Problem to solve: When you reach the line containing "purple panda mittens 1.jpg", begin reproducing the material exactly, stop after the line containing "trixie transport rucksack", and leave out any pictures along the way.

Supplied data:
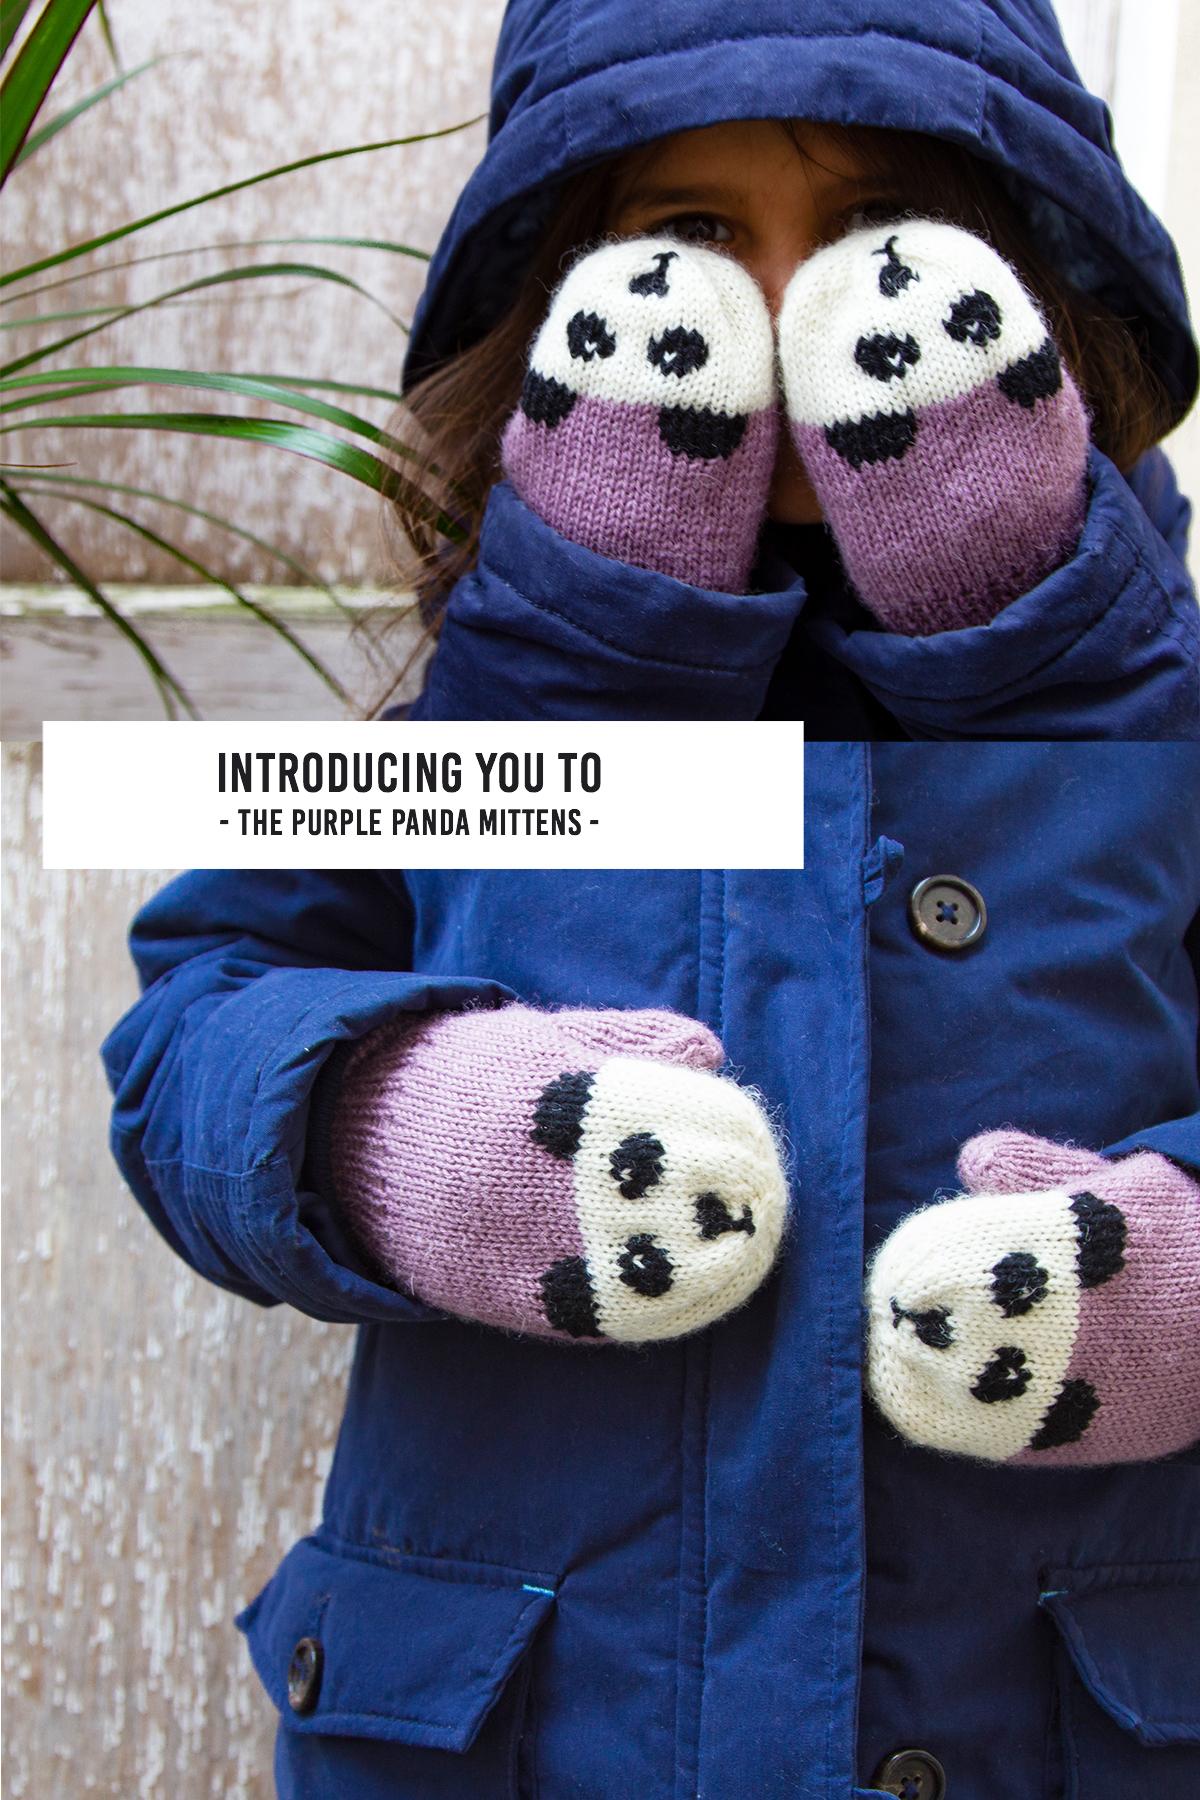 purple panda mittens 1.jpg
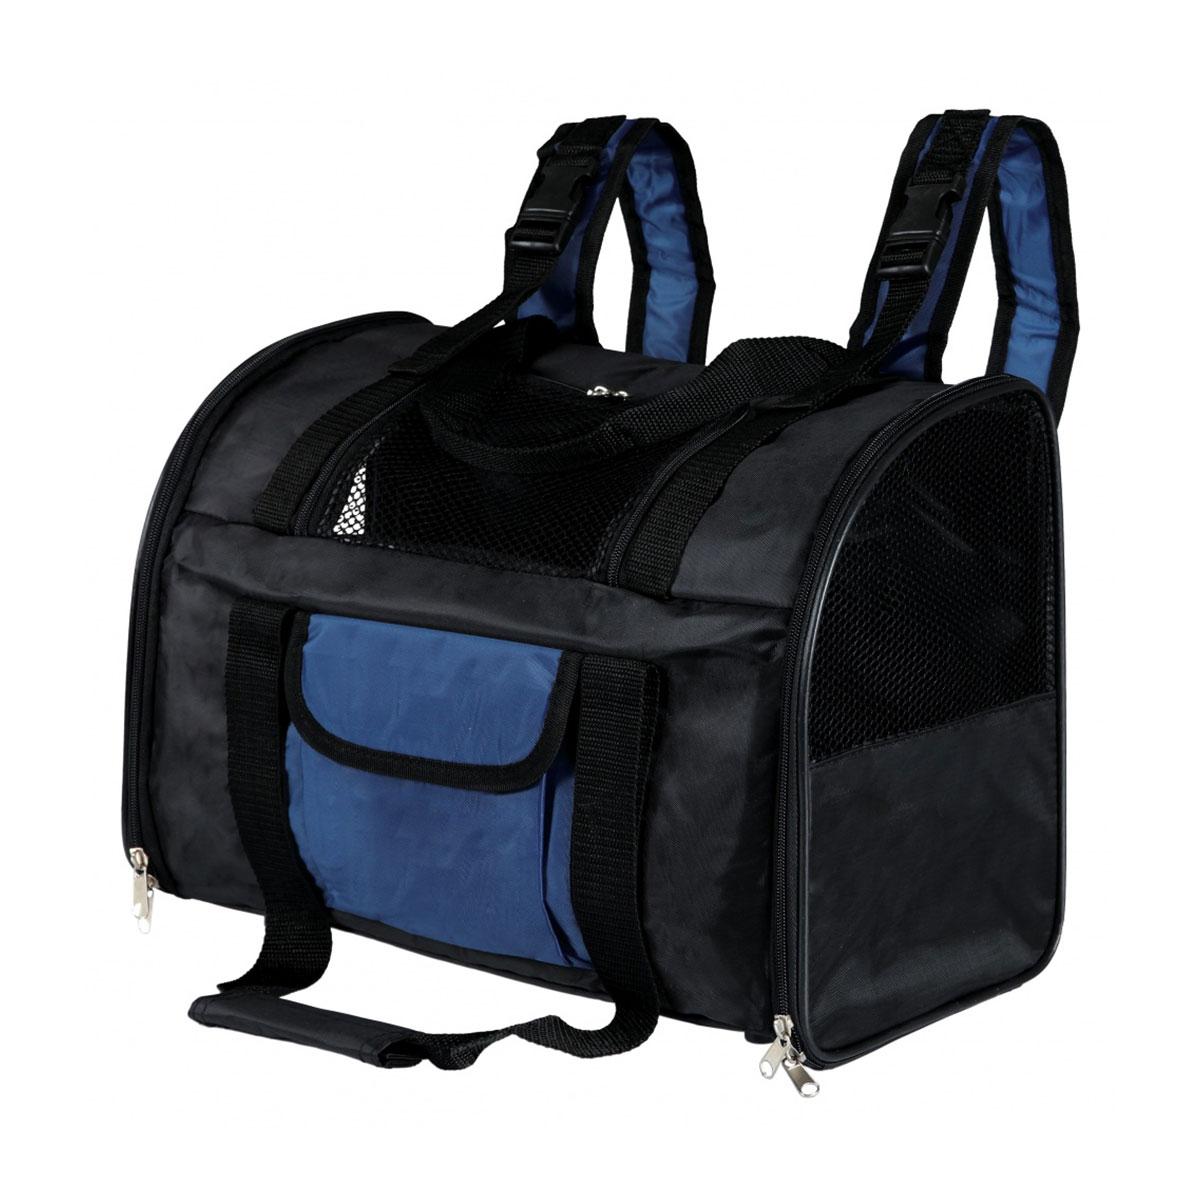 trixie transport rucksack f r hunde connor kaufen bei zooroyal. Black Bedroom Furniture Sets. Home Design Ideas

--

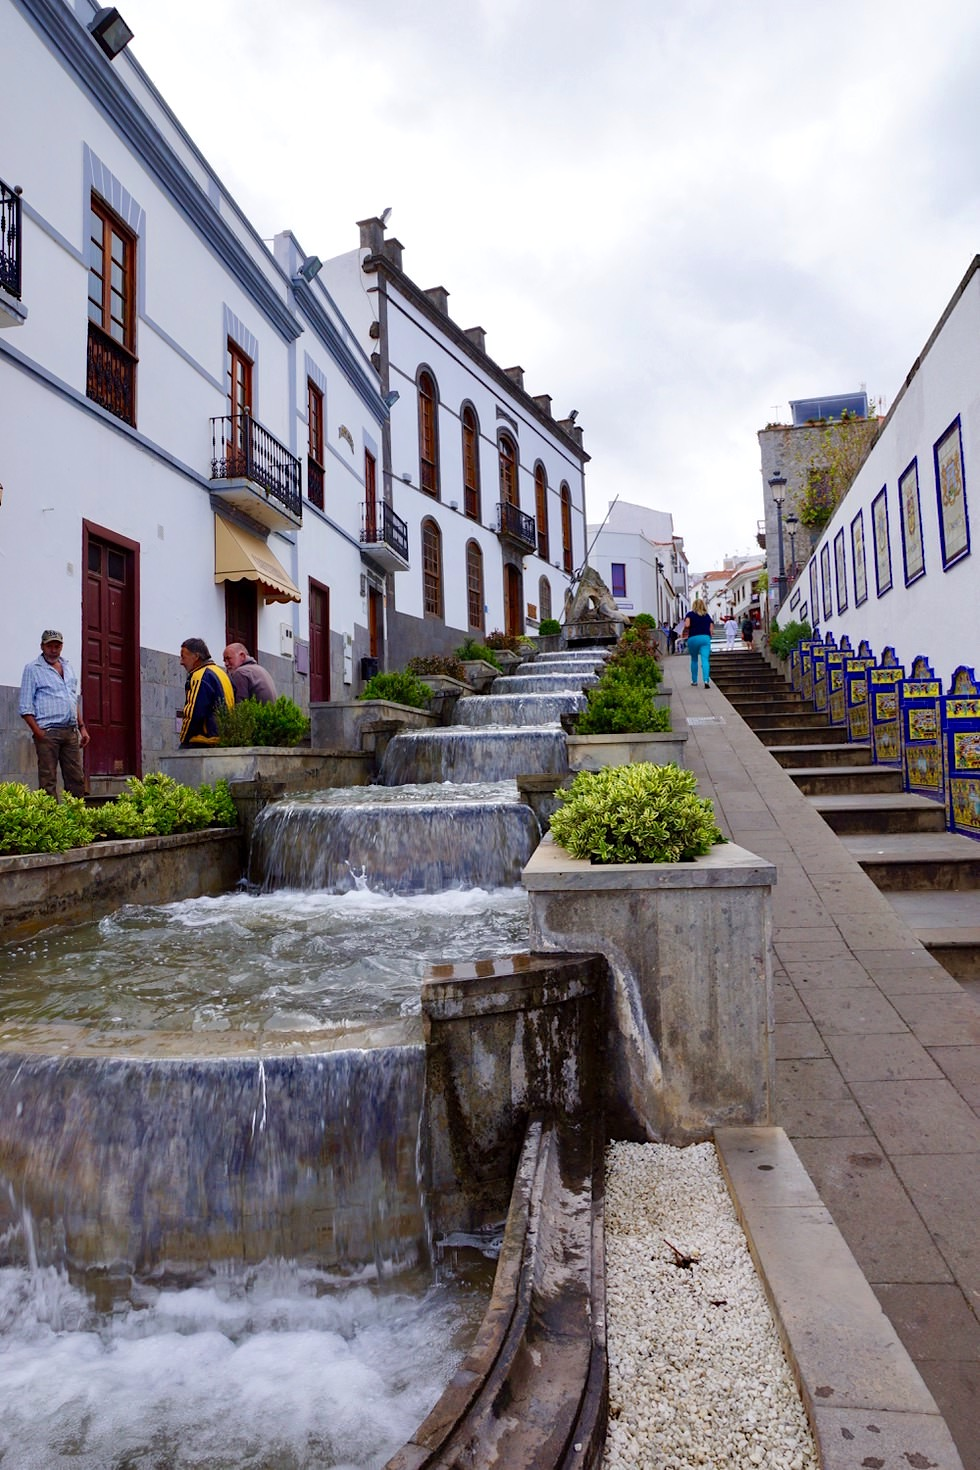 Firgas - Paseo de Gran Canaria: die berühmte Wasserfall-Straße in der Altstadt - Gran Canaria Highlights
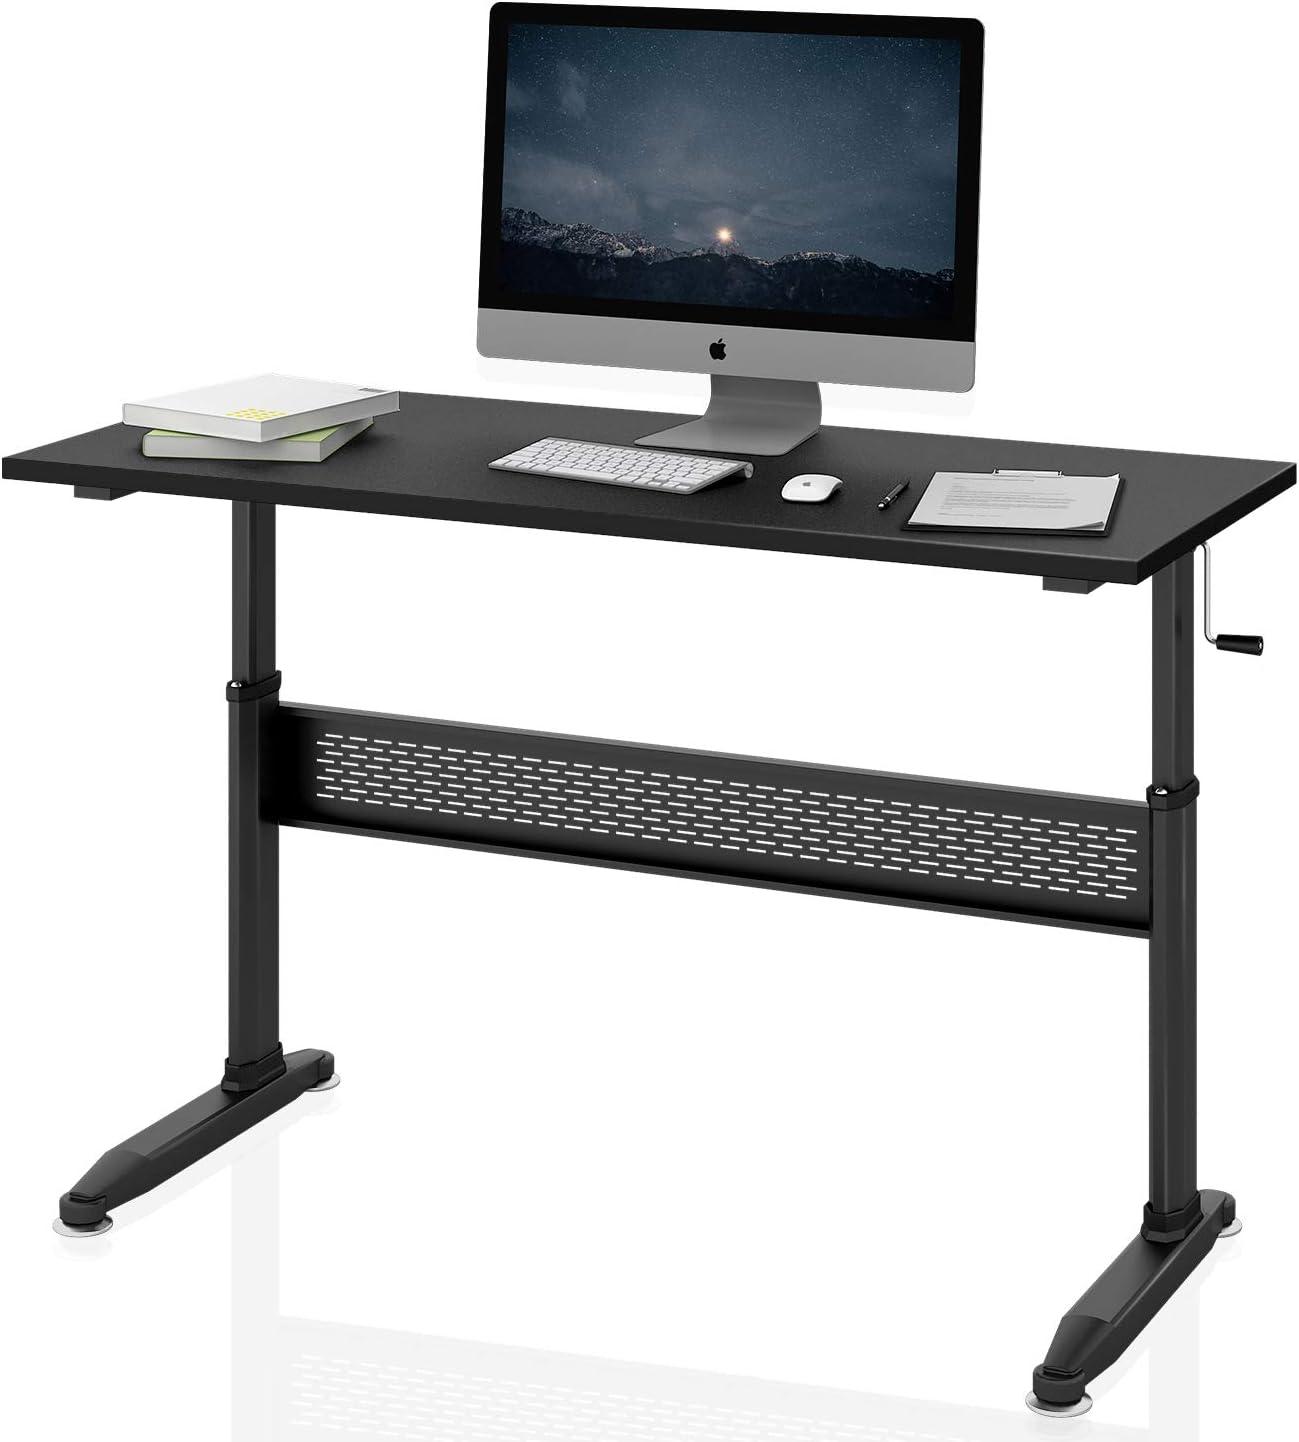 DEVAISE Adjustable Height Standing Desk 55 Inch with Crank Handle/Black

Finished task:
 purple panda mittens 1.jpg
 trixie transport rucksack f r hunde connor kaufen bei zooroyal. Black Bedroom Furniture Sets. Home Design Ideas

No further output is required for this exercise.